/polish-nlp-resources

Pre-trained models and language resources for Natural Language Processing in Polish

GNU General Public License v3.0GPL-3.0

Polish NLP resources

This repository contains pre-trained models and language resources for Natural Language Processing in Polish created during my research work. If you'd like to use any of those resources in your research please cite:

@Misc{polish-nlp-resources,
  author =       {S{\l}awomir Dadas},
  title =        {A repository of Polish {NLP} resources},
  howpublished = {Github},
  year =         {2019},
  url =          {https://github.com/sdadas/polish-nlp-resources/}
}

Contents

Word embeddings and language models

The following section includes pre-trained word embeddings and language models for Polish. Each model was trained on a corpus consisting of Polish Wikipedia dump, Polish books and articles, 1.5 billion tokens at total.

Word2Vec

Word2Vec trained with Gensim. 100 dimensions, negative sampling, contains lemmatized words with 3 or more ocurrences in the corpus and additionally a set of pre-defined punctuation symbols, all numbers from 0 to 10'000, Polish forenames and lastnames. The archive contains embedding in gensim binary format. Example of usage:

from gensim.models import KeyedVectors

if __name__ == '__main__':
    word2vec = KeyedVectors.load("word2vec_polish.bin")
    print(word2vec.similar_by_word("bierut"))
    
# [('cyrankiewicz', 0.818274736404419), ('gomułka', 0.7967918515205383), ('raczkiewicz', 0.7757788896560669), ('jaruzelski', 0.7737460732460022), ('pużak', 0.7667238712310791)]
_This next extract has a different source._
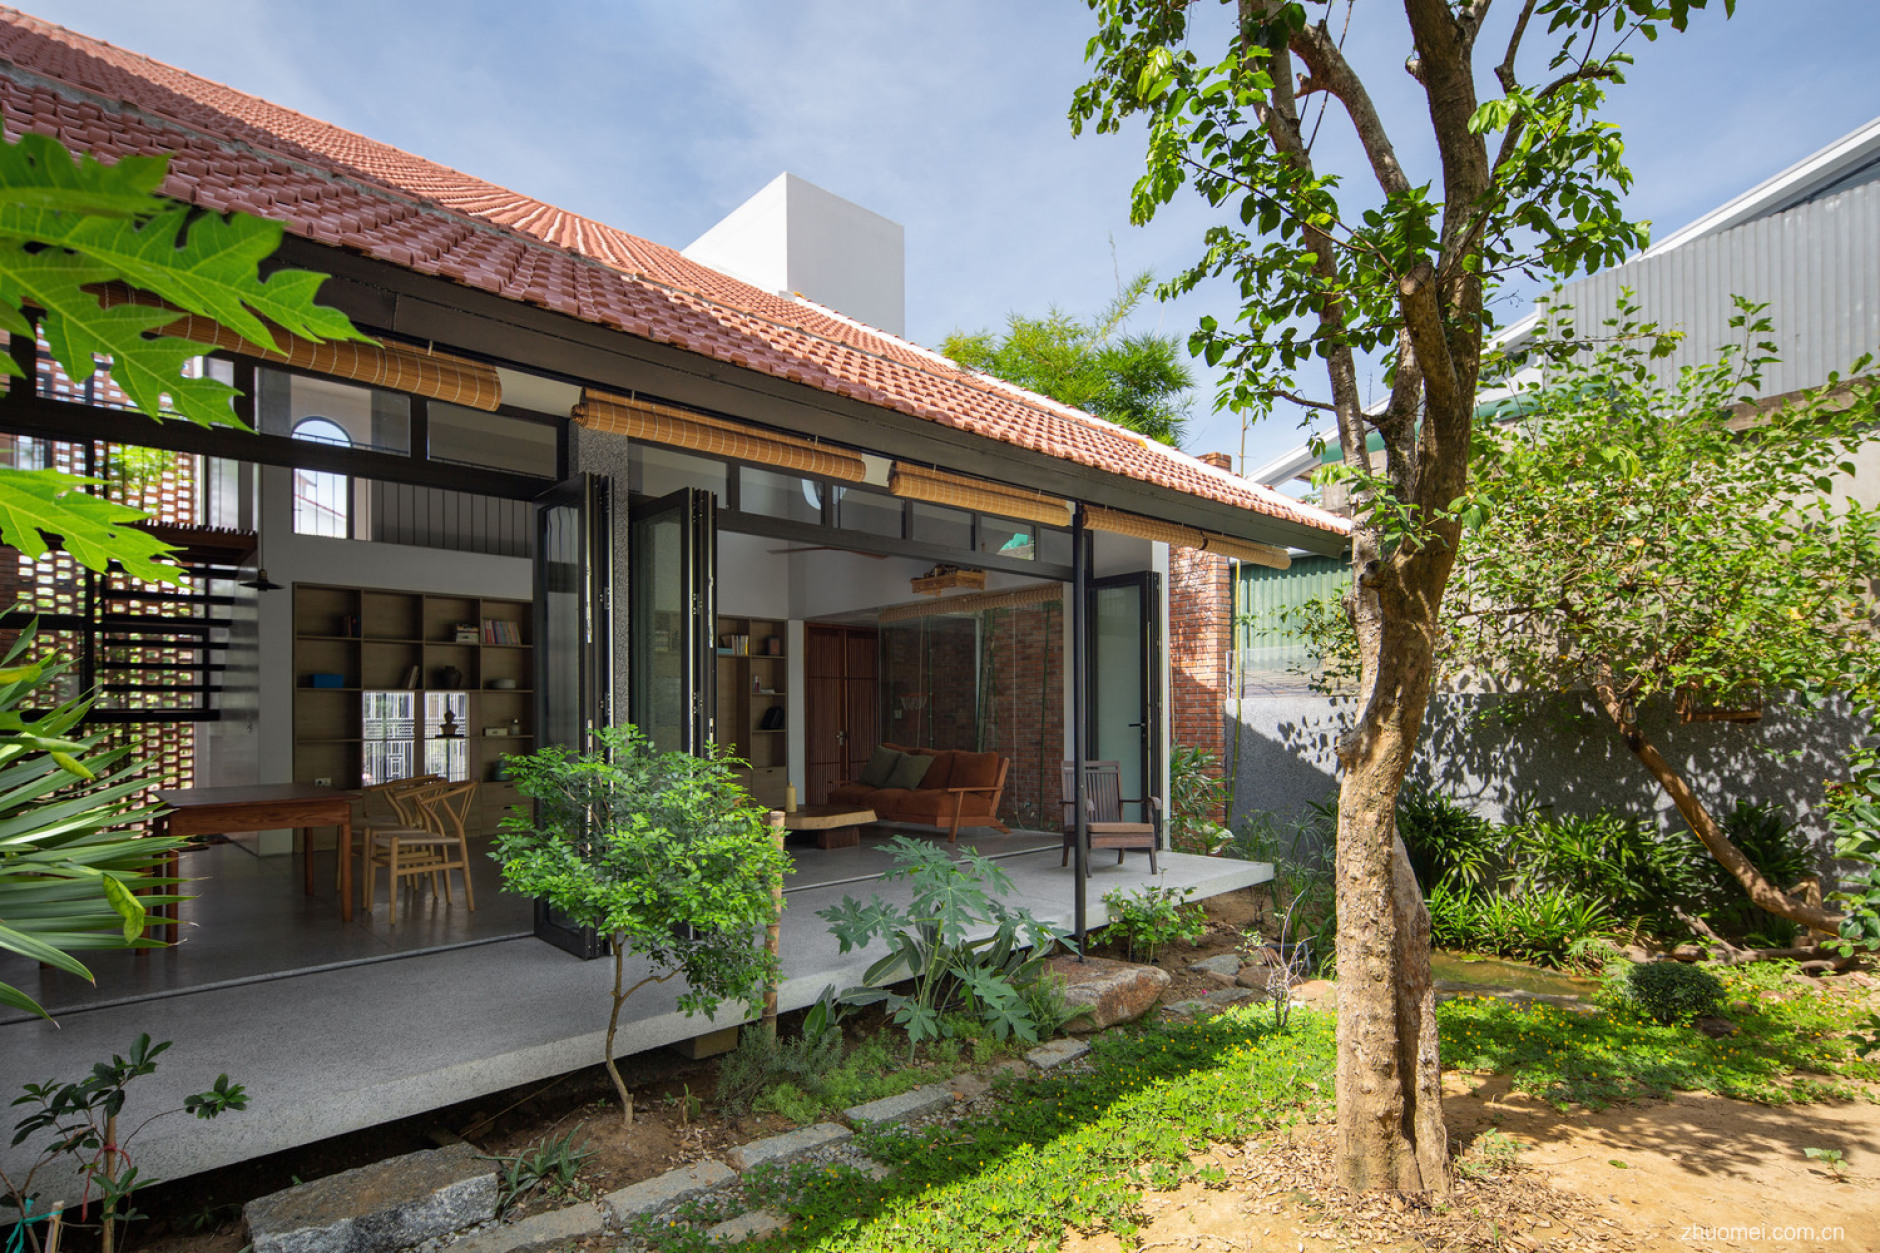 Dom Architect Studio丨The Tiamo House丨越南-9

Download (Google Drive) or Download (GitHub)

FastText

FastText trained with Gensim. Vocabulary and dimensionality is identical to Word2Vec model. The archive contains embedding in gensim binary format. Example of usage:

from gensim.models import KeyedVectors

if __name__ == '__main__':
    word2vec = KeyedVectors.load("fasttext_100_3_polish.bin")
    print(word2vec.similar_by_word("bierut"))
    
# [('bieruty', 0.9290274381637573), ('gierut', 0.8921363353729248), ('bieruta', 0.8906412124633789), ('bierutow', 0.8795544505119324), ('bierutowsko', 0.839280366897583)]

Download (Google Drive) (v2, trained with Gensim 3.8.0)
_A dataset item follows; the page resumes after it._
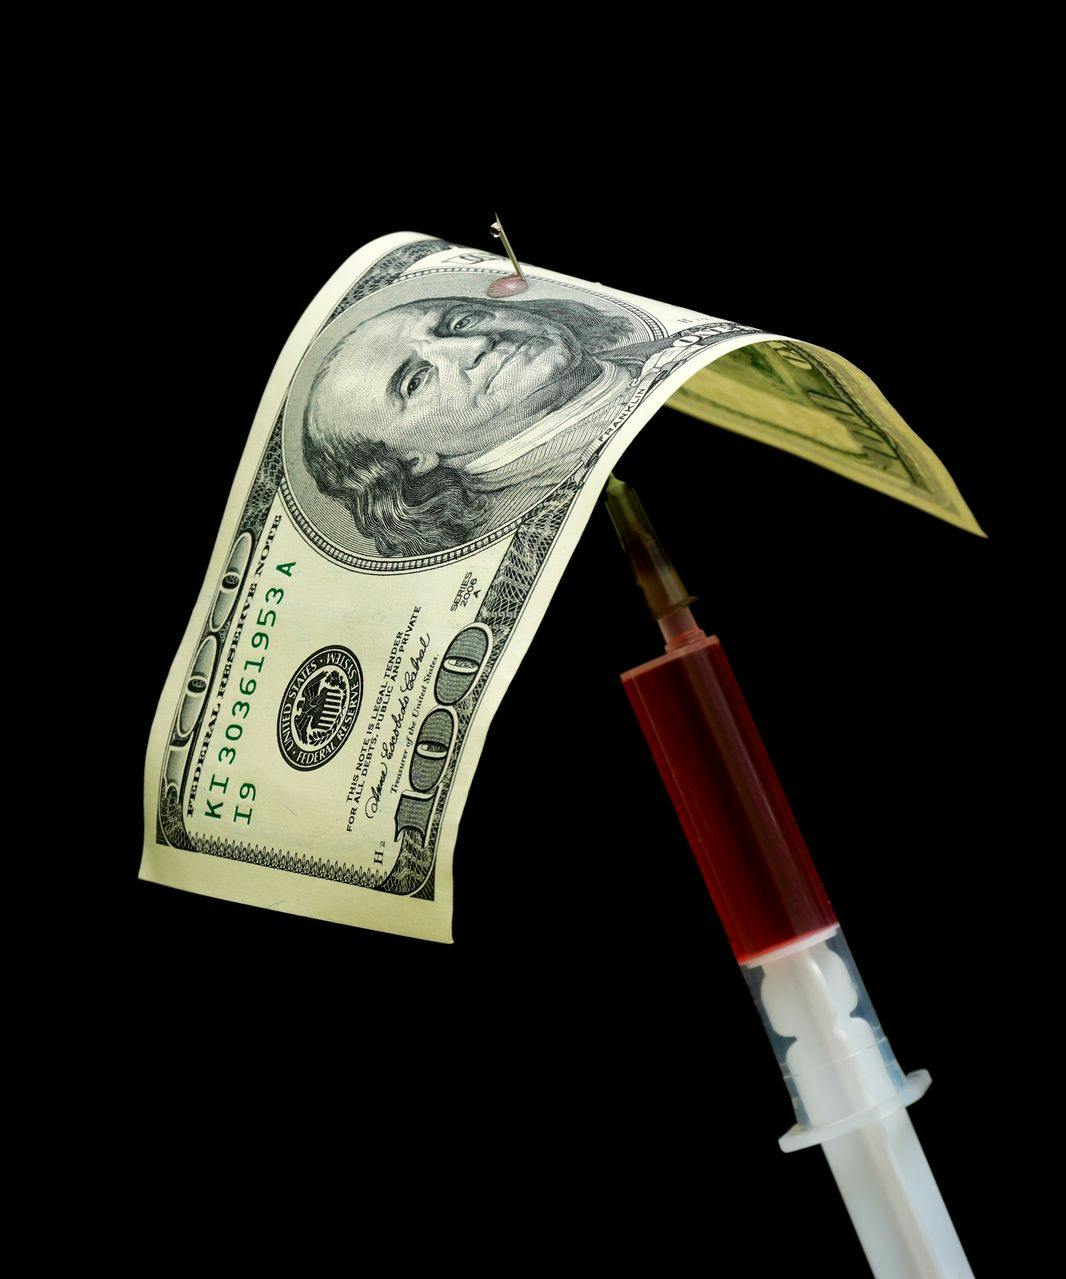 Nonprofit Payer Says It Saved $1.7 Million Through Use of Infliximab Biosimilars

Download (Google Drive) (v1, trained with Gensim 3.5.0, DEPRECATED)

GloVe

Global Vectors for Word Representation (GloVe) trained using the reference implementation from Stanford NLP. 100 dimensions, contains lemmatized words with 3 or more ocurrences in the corpus. Example of usage:

from gensim.models import KeyedVectors

if __name__ == '__main__':
    word2vec = KeyedVectors.load_word2vec_format("glove_100_3_polish.txt")
    print(word2vec.similar_by_word("bierut"))
    
# [('cyrankiewicz', 0.8335597515106201), ('gomułka', 0.7793121337890625), ('bieruta', 0.7118682861328125), ('jaruzelski', 0.6743760108947754), ('minc', 0.6692837476730347)]
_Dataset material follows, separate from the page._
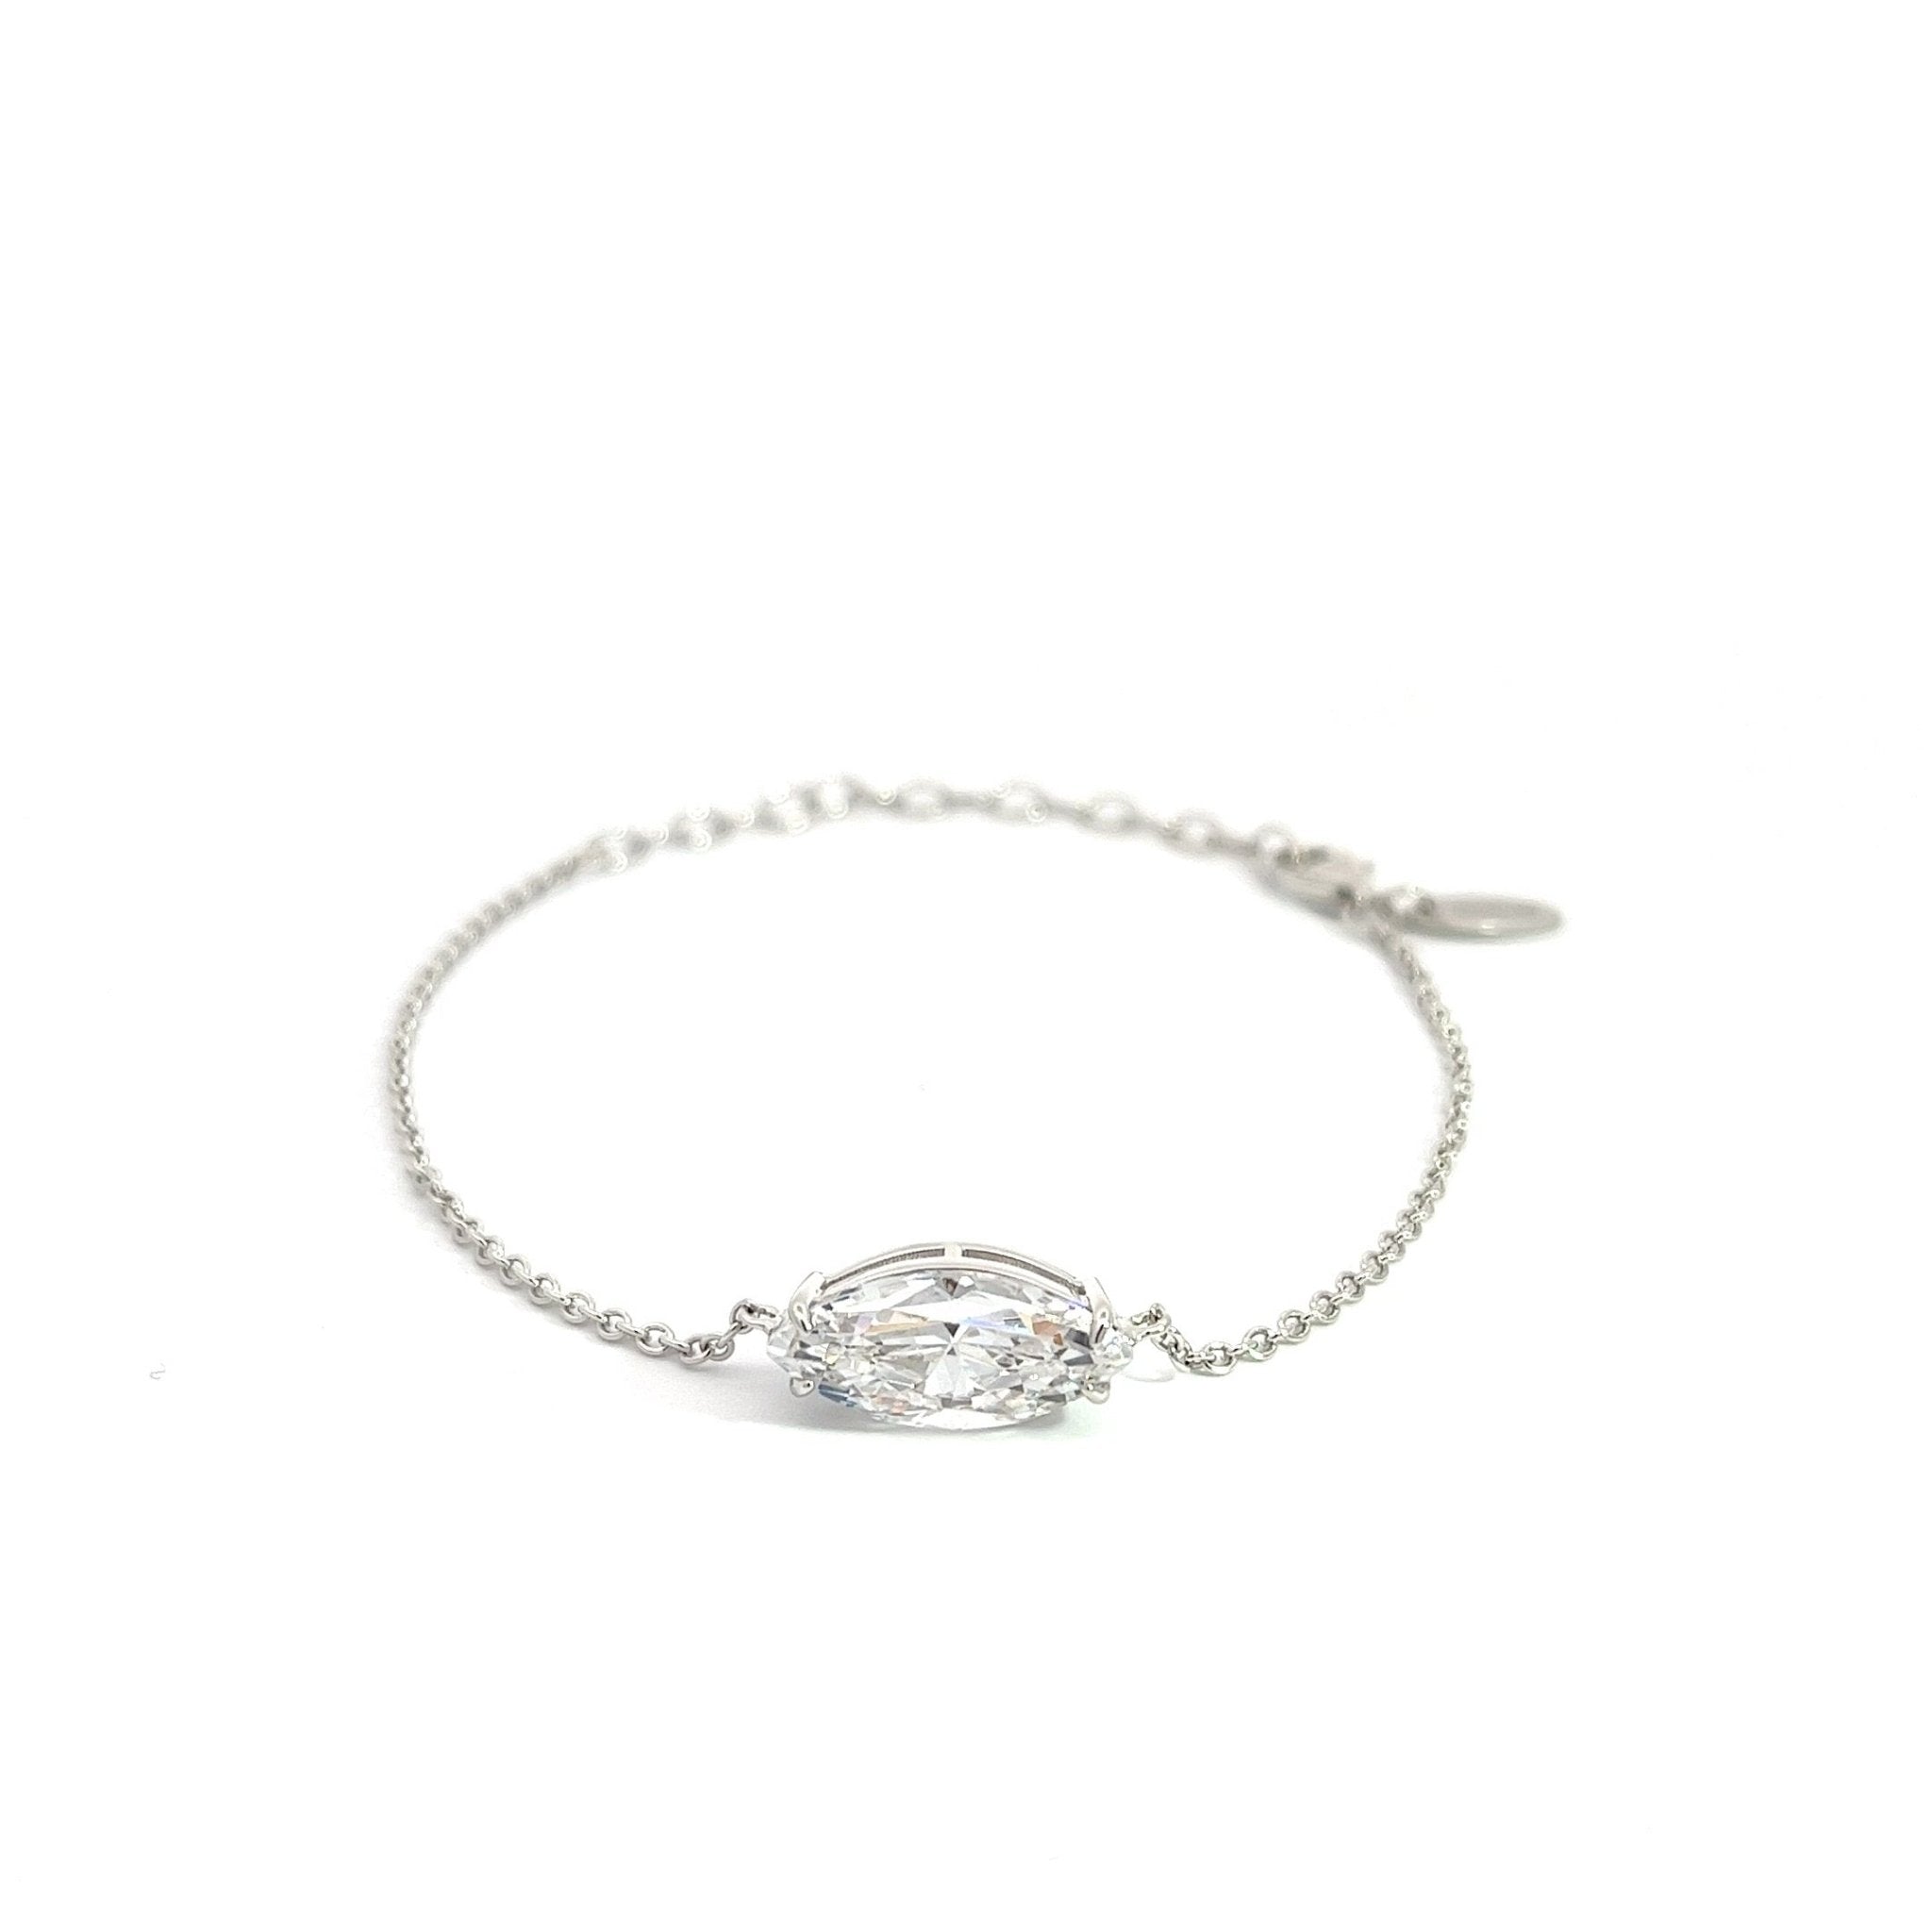 Elegant Marquise Cut 15 x 7 mm CZ Silver Bracelet by Natkina

Download (Google Drive) or Download (GitHub)

High dimensional word vectors

Pre-trained vectors using the same vocabulary as above but with higher dimensionality. These vectors are more suitable for representing larger chunks of text such as sentences or documents using simple word aggregation methods (averaging, max pooling etc.) as more semantic information is preserved this way.

GloVe - 300d: Part 1 (GitHub), 500d: Part 1 (GitHub) Part 2 (GitHub), 800d: Part 1 (GitHub) Part 2 (GitHub) Part 3 (GitHub)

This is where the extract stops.